Work to be completed:
Your copy should hold only the lines from the one with "Sweet Cake In" to the one with "Figure skating winter", both included, each exactly as it stands below, with no pictures.

Provided entries:
____________
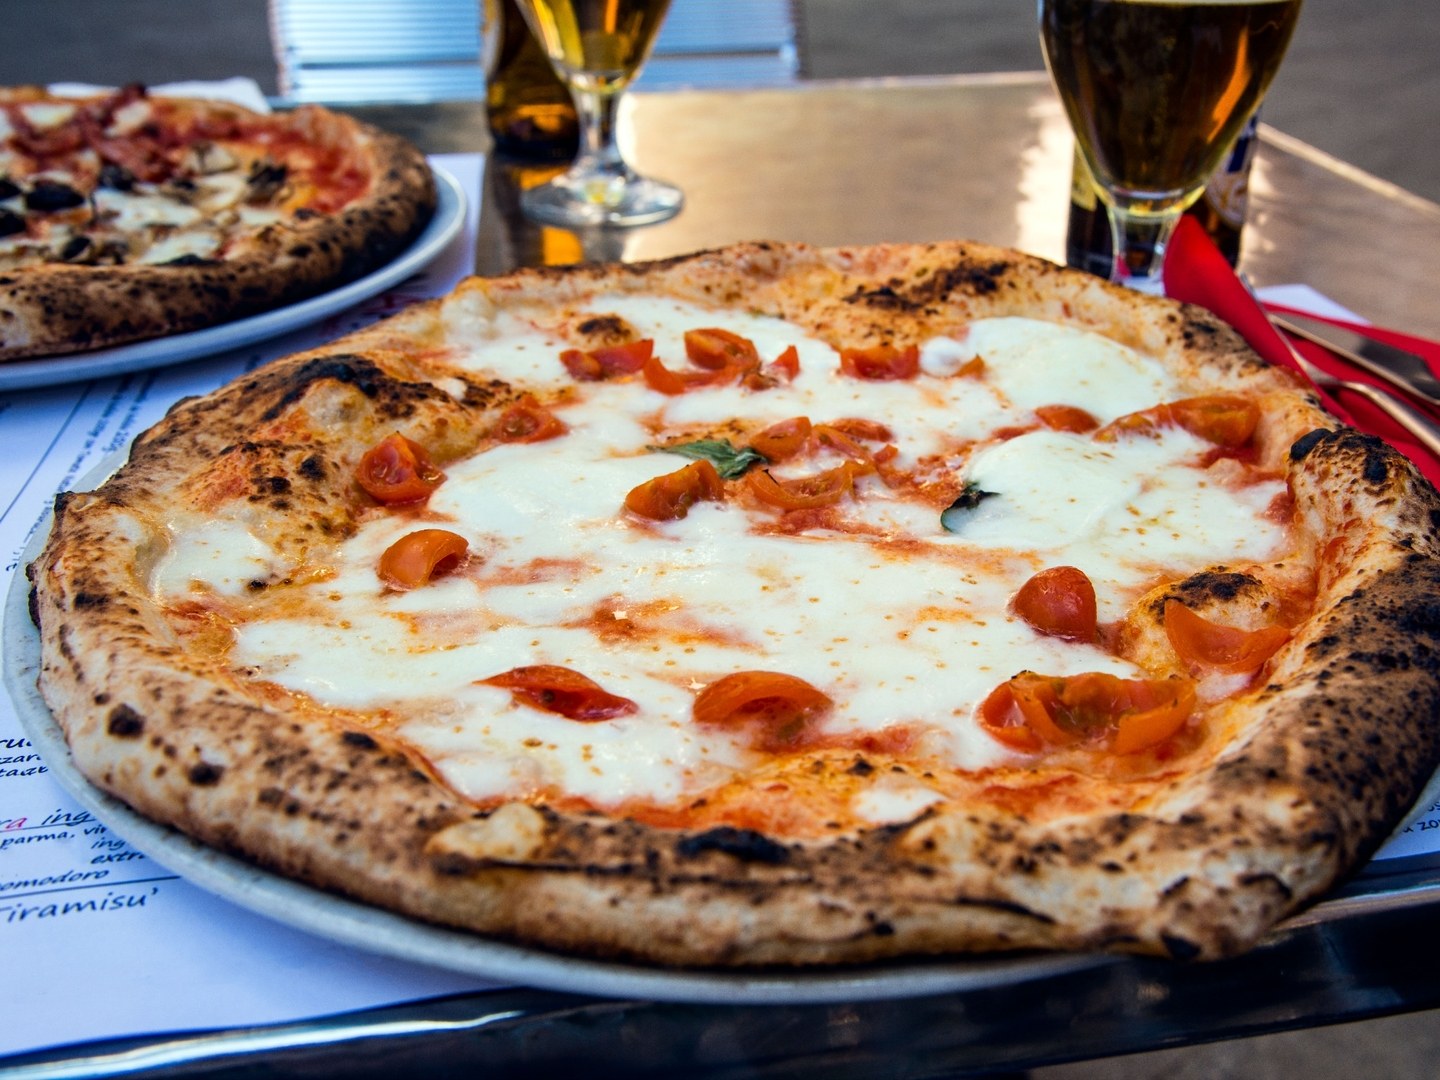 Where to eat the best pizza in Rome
____________
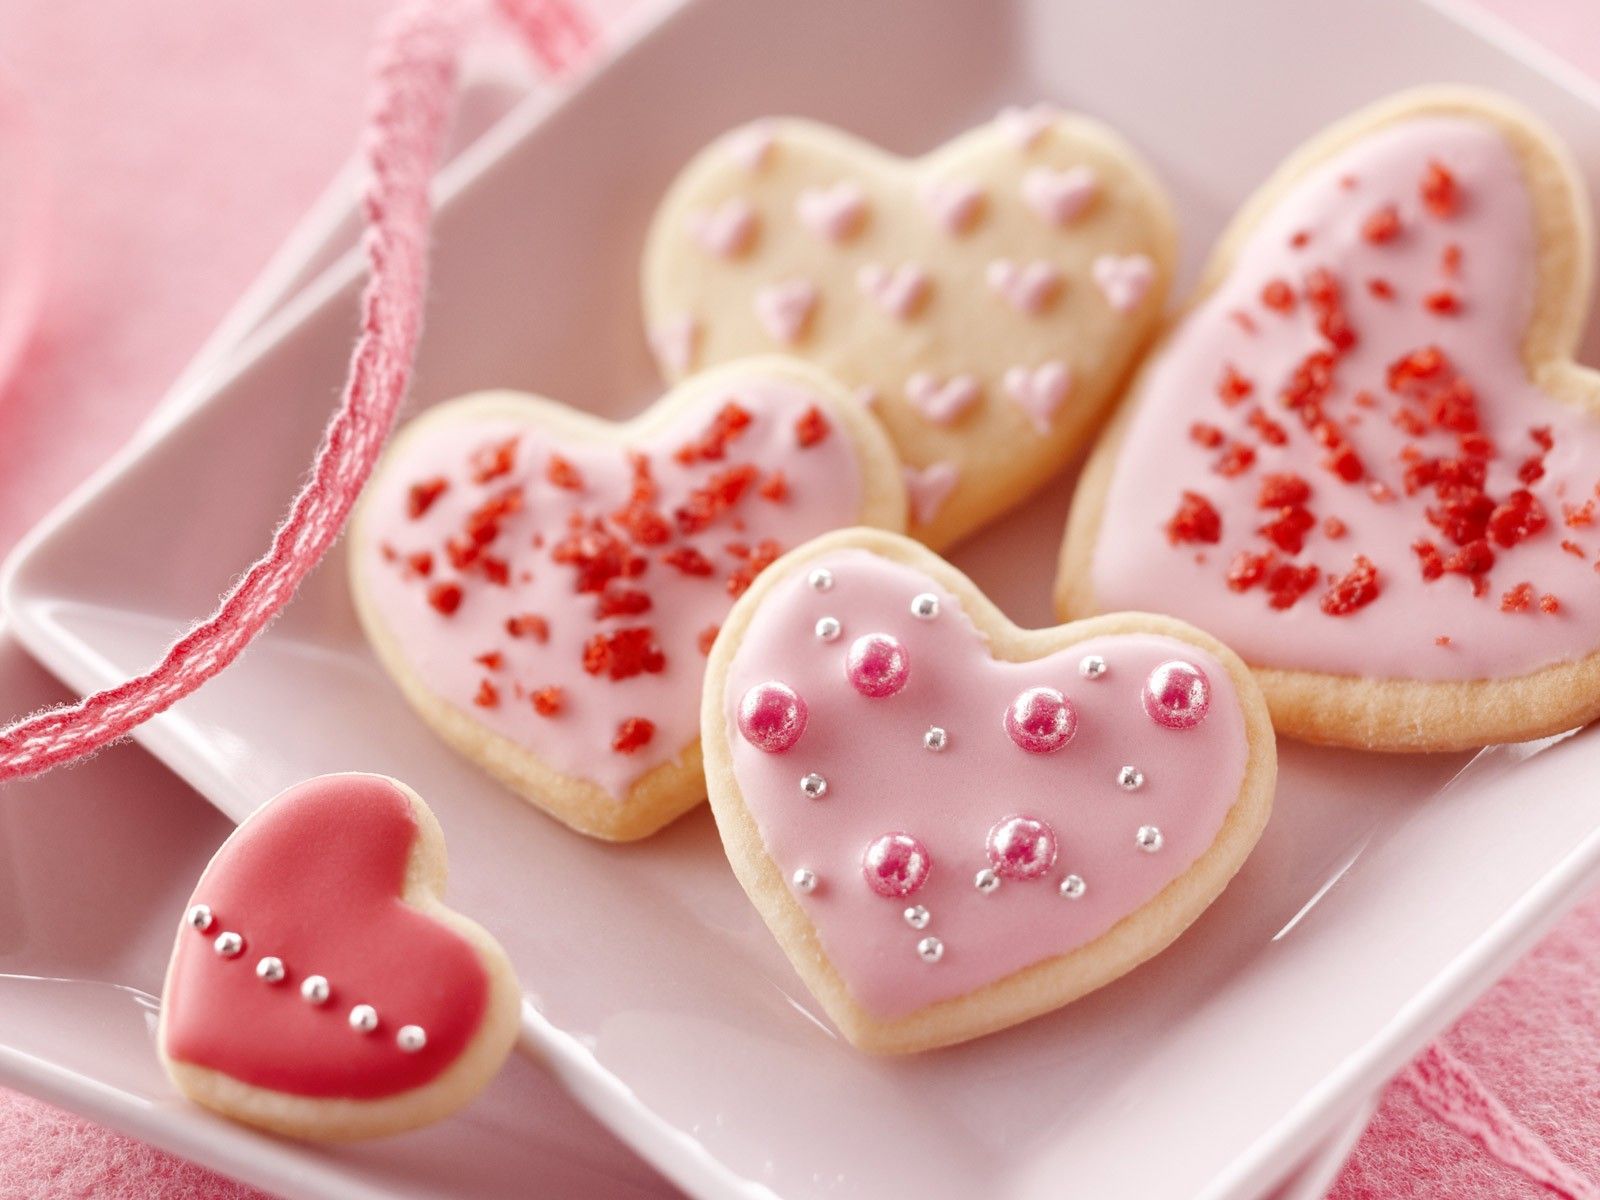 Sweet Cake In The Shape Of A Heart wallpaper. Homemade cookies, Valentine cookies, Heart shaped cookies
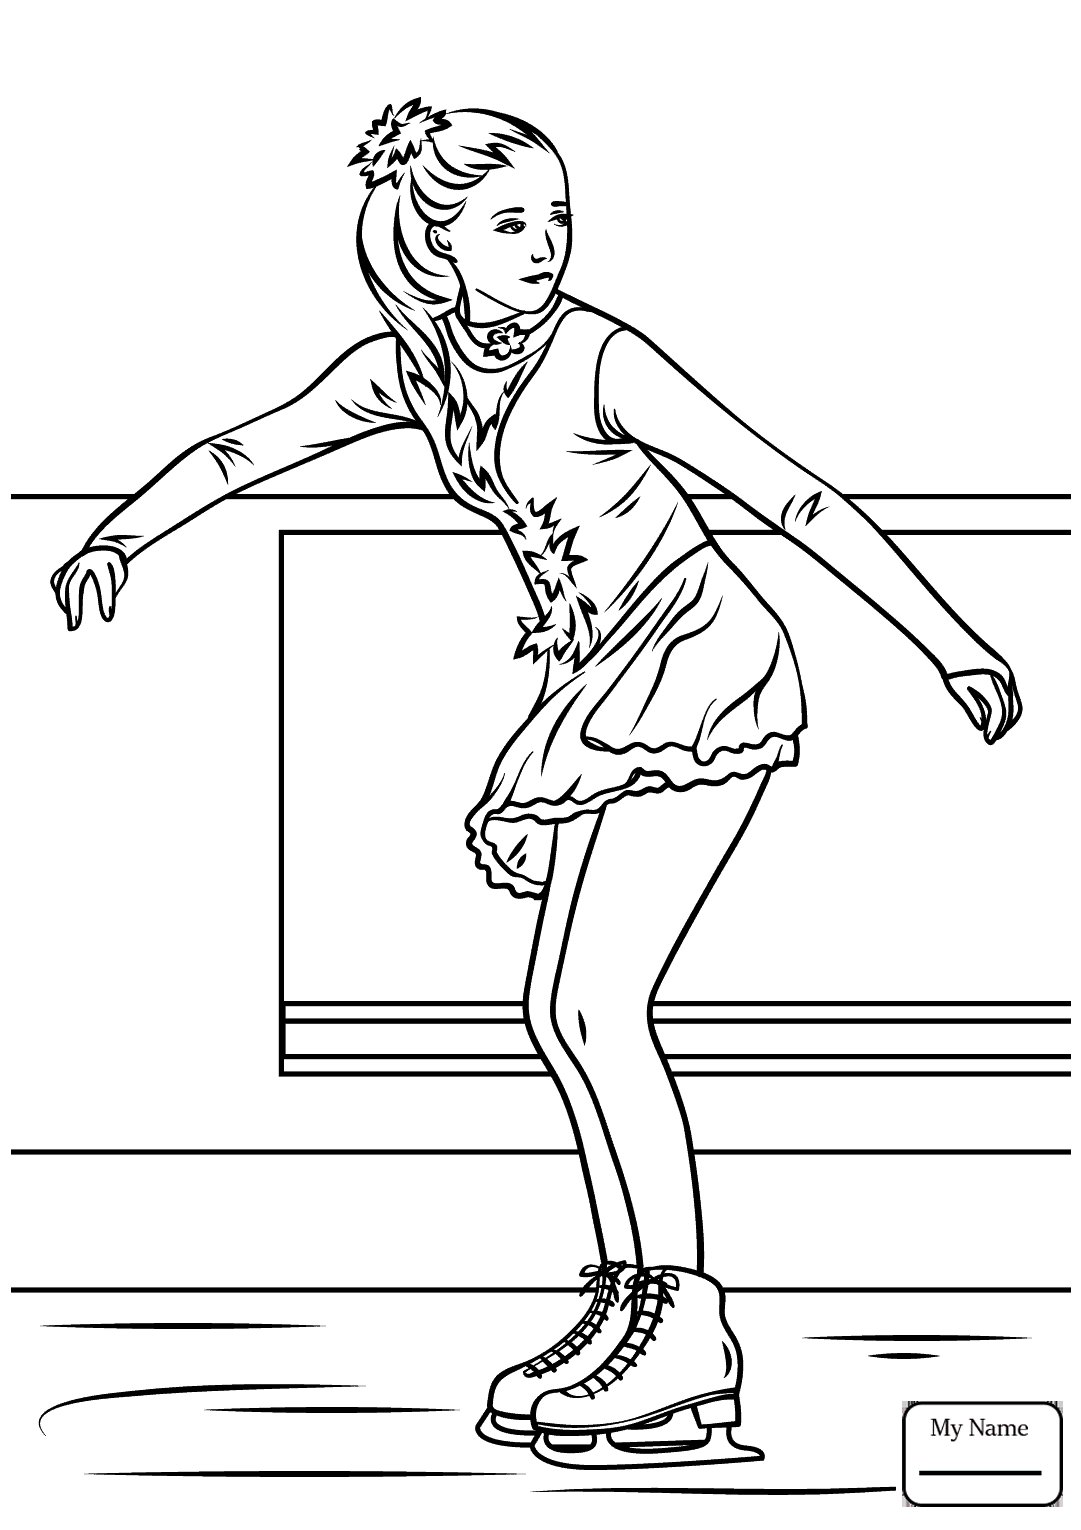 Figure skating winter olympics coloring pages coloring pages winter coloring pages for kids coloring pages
____________
Your solution:
 Sweet Cake In The Shape Of A Heart wallpaper. Homemade cookies, Valentine cookies, Heart shaped cookies
 Figure skating winter olympics coloring pages coloring pages winter coloring pages for kids coloring pages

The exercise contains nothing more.